=== AIM OF THE EXERCISE ===
When you reach the line that contains "TRENDING CURRENTLY IN THE US 🇺🇸" in the data below, start reproducing lines exactly, and stop after the line that contains "- #Epiphany".

=== DATASET EXCERPTS ===
········

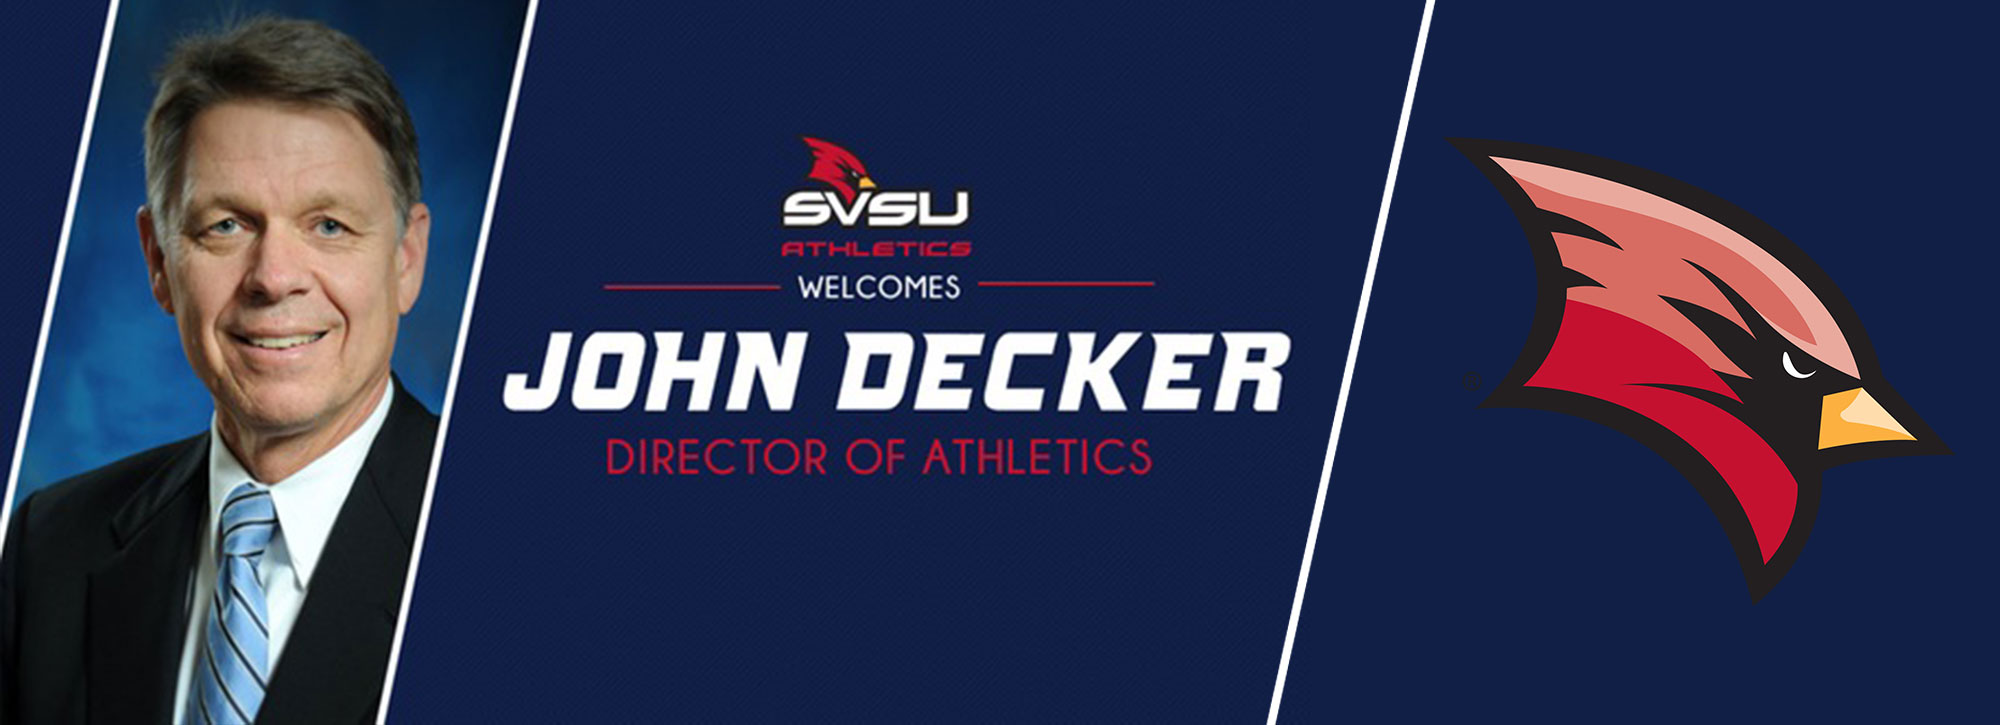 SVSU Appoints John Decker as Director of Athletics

········

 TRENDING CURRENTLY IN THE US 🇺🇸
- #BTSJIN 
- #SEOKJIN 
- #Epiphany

········

=== OUTPUT FOR THIS TASK ===
 TRENDING CURRENTLY IN THE US 🇺🇸
- #BTSJIN 
- #SEOKJIN 
- #Epiphany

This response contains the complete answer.